Age of Adz

The critically acclaimed Detroit-born artist Sufjan Stevens has long been a cult favourite and he has remained unwavering in his ability to produce high quality music. With his new album, The _Age of Adz_ Sufjan Stevens only consolidates this position in my mind, as with _Adz_ Stevens has immaculately pulled off another album of immense scope.

Taking elements of the banjo-laden, acoustic tracks of _Michigan_ and the orchestral grandeur of _Illinoise_ on _Adz_ Stevens mixes these elements with a myriad of electronic beats and synths – creating probably his most experimental album to date. _Age of Adz_ is very different to Stevens’ previous work so even though you can still pick out the rich orchestration of trumpets, violins, guitars, piano and the other instruments that have come to typify his music, but on _Adz_ they are often carefully layered or hidden behind an electronic haze. This dramatic change could shock some die-hard fans, but if you invest your time generously into listening then you will see the true beauty of the songs and arrangements.

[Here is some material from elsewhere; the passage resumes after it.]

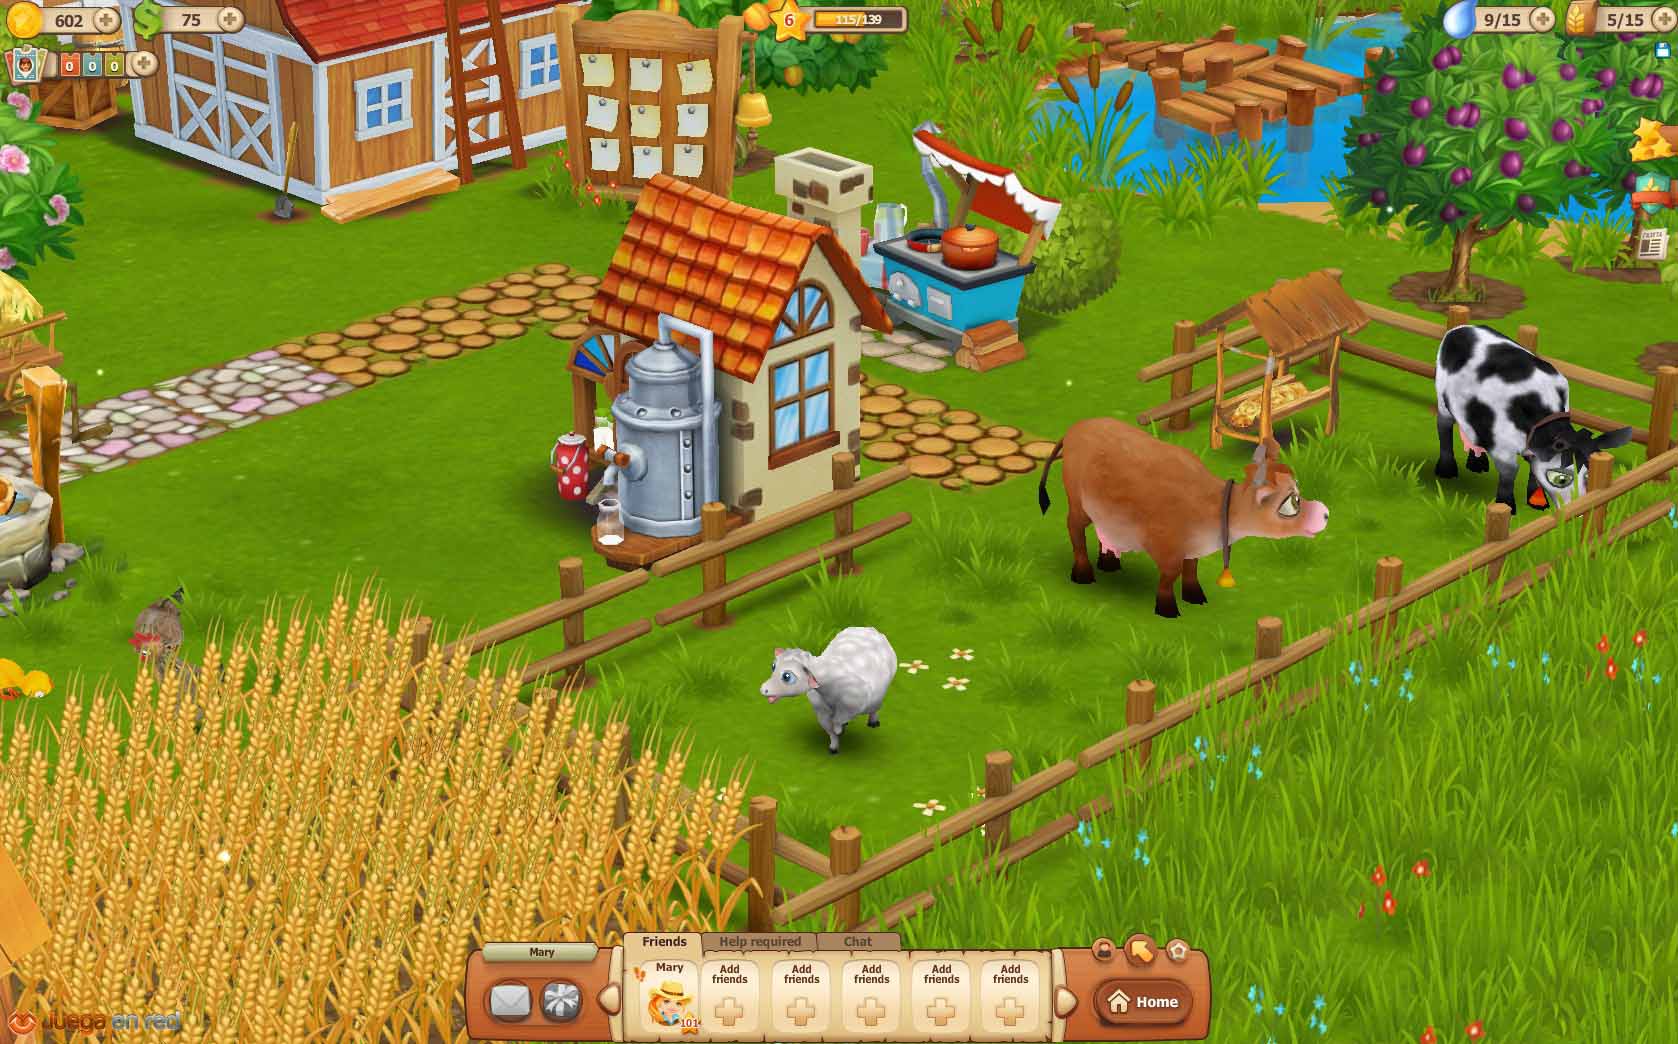 Игра логин ферма. Холидей игра ферма. Коровья ферма игра. Игра ферма 2000 года. Игра про корову на ферме.

Lyrically, Sufjan has taken a different approach to his previous albums – before, the emotion in the songs would be rooted in geographical or historical context, whereas in _Adz_ we tend to see the raw feeling untempered by context. This is neither enhancing nor depreciating to his music – it is just, perhaps, a hint as to how he is evolving and experimenting, how he is not willing to stay static for to long.

The first single ‘I Walked’ is an electronic, emotional lament with Sufjan’s gentle voice rising and falling over the beat. It’s catchy yet meaningful, each layer combining to drive the song gently forwards. However, this is just a taste of things to come, there are some album tracks which far surpass it. The title-track is a writhing, dramatic number where you see all of the usual orchestral components combining with heavy beats, cascading synths and a catchy chorus-sung hook. ‘I Want To Be Well’ maintains a swift tempo yet slowly builds into an emotional crescendo – the chorus repeating the title and Sufjan, as far as I know, swearing for the first time on a track : ‘I’m not f***ing around’. There is something so earnest about this that it seems to exude emotional charge. ‘Impossible Soul’, is a twenty-five-minute tour de force at the end of the album, which in many ways sums up the collection of songs on _Adz_ as a whole.

It may seem like a large investment at first, but you will find yourself more and more willing to return – each listen granting new revelations making any investment more than worth the effort.